Ese primer contacto fue más de observadora que de participante, pero cuando volvió a la capital pampeana, la distancia se terminó. Subió a competir. “Cuando volví acá ese acercamiento se profundizó compitiendo…”, dice.
Poco tiempo después apareció ante los ojos de Nadia otro costado del freestyle, y comenzaron los cuestionamientos internos.
“En el mundo del freestyle hay mucho abuso de poder. Mucho”, afirma sin rodeos. “Y está tan naturalizado que a veces ni te das cuenta hasta que ya estás adentro. Muchas pibas entran buscando un lugar y hay gente que se aprovecha de eso. No solo en lo artístico, en lo personal también”.

–¿Como militante feminista sentiste necesidad de acompañar esas denuncias sobre esos comportamientos?
-Bueno, claro. Yo me formé en espacios feministas. Ahí aprendí a poner límites, a decir que no, a no dejar pasar ciertas cosas que en la cultura Hip Hop todavía se normalizan.
-Volviendo a la música y al lanzamiento de tu primer video, ¿te afectó el hate de parte del público femenino?

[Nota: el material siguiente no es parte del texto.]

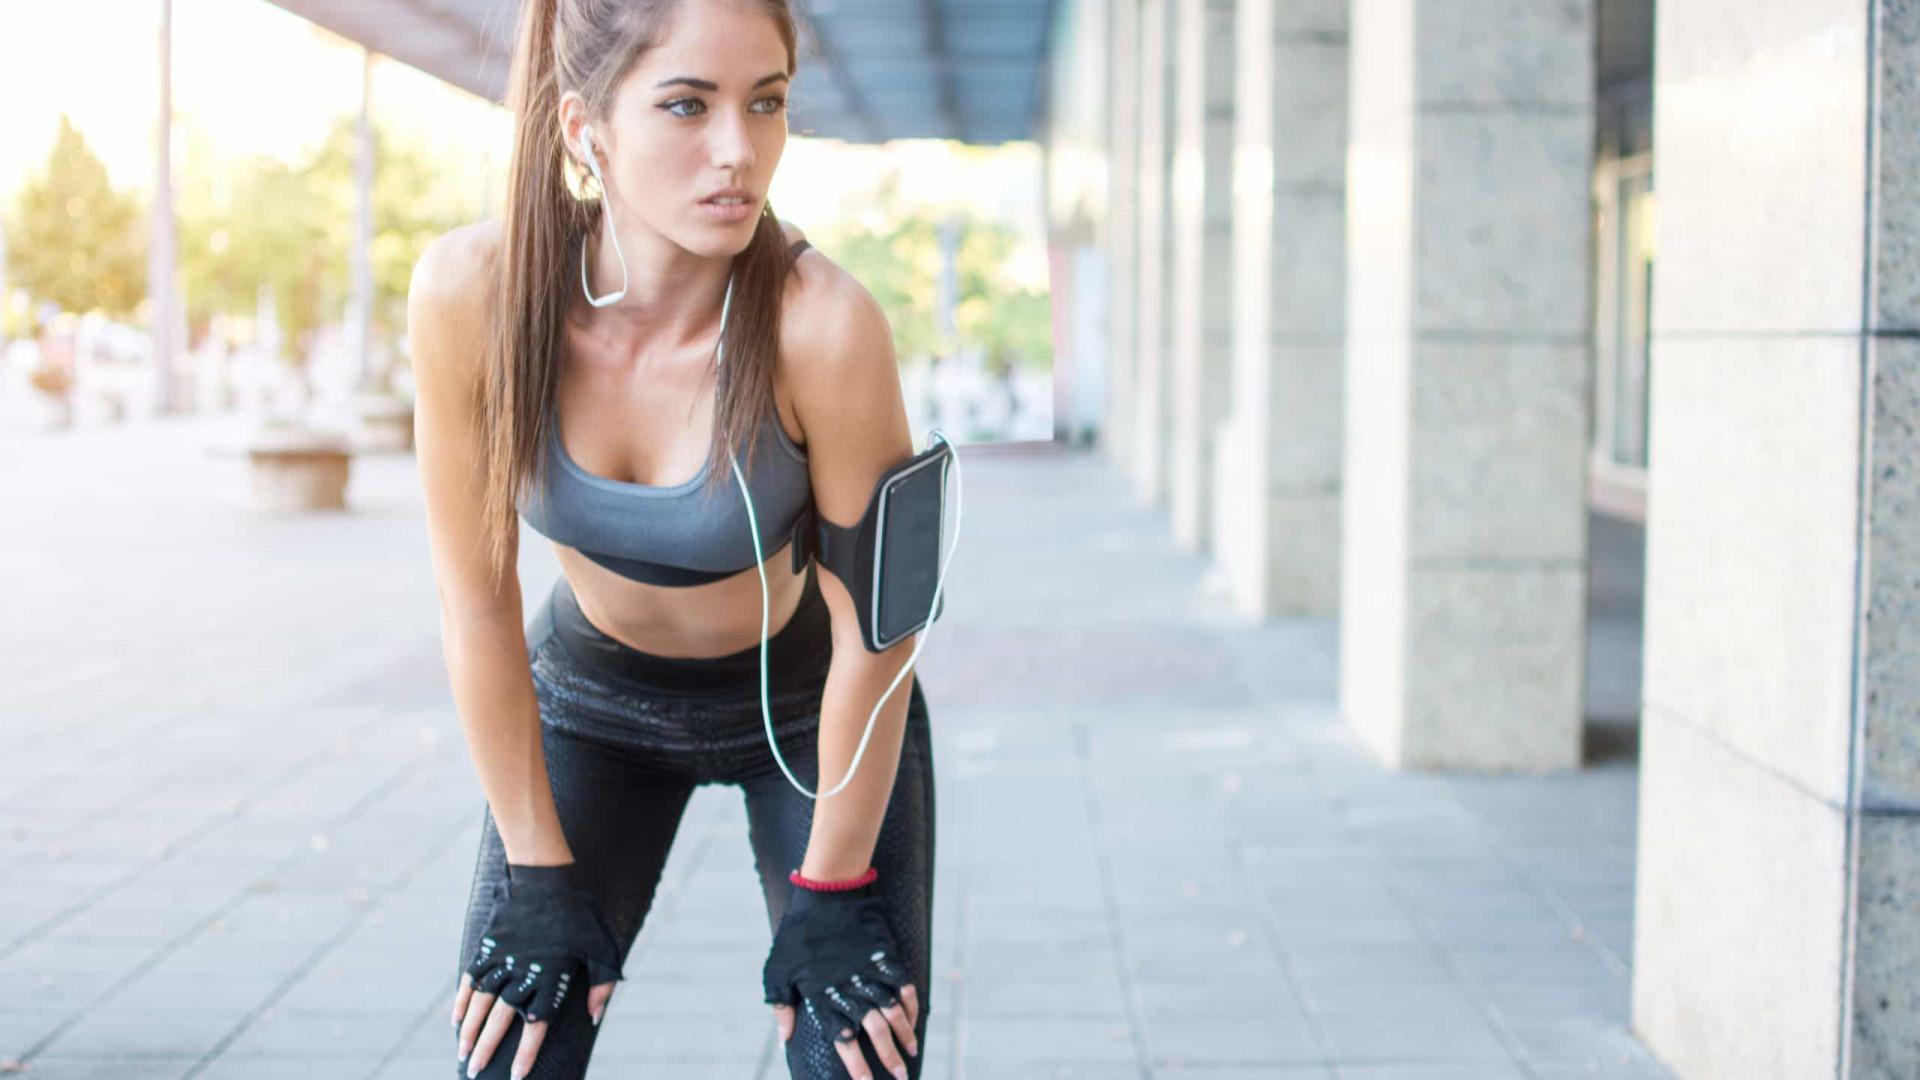 Cinco formas de retirar o cheiro de suor das roupas de treino

-No sé, no estoy segura de que haya sido así, de que haya habido hate.
-Bueno, algo hubo…
-Quizás a mí no me llegó, o no me llegó al punto de que me afecte. Creo que es parte del costo de ser mujer, y nosotras también tenemos que acostumbrarnos a tener conciencia de que formamos parte de la escena.
-Hoy hablabas de tu fragilidad, ¿creés que el hate, de llegarte de manera directa, te afectaría?
-Nunca me bajaría de algo que me apasiona, como es la música, por recibir críticas o bardeo. De eso estoy segura.
EL PORVENIR
En pleno proceso de grabación de su primer disco y con un par de fechas confirmadas, Nadia no se distancia de sus objetivos. Estudia producción, armonía y teoría. “Quiero ser música”, dice. “No intérprete, música”, remarca, mientras el vermut llega a su fin.
Para llegar a esos objetivos, Nadia se apalanca en todo lo que la formó. Desde el feminismo que fue tierra fértil para las inquietudes ideológicas de una piba que tenía 18 años hace una década; el esfuerzo de un padre que buscaba laburos extras para bancar sus estudios; las lecturas que le ordenan la voz, y hasta las noches en las que corrige trabajos institucionales o textos de escritores pretenciosos. Todo rubricado por la seguridad de que lo frágil y provocador también son lugares de pertenencia.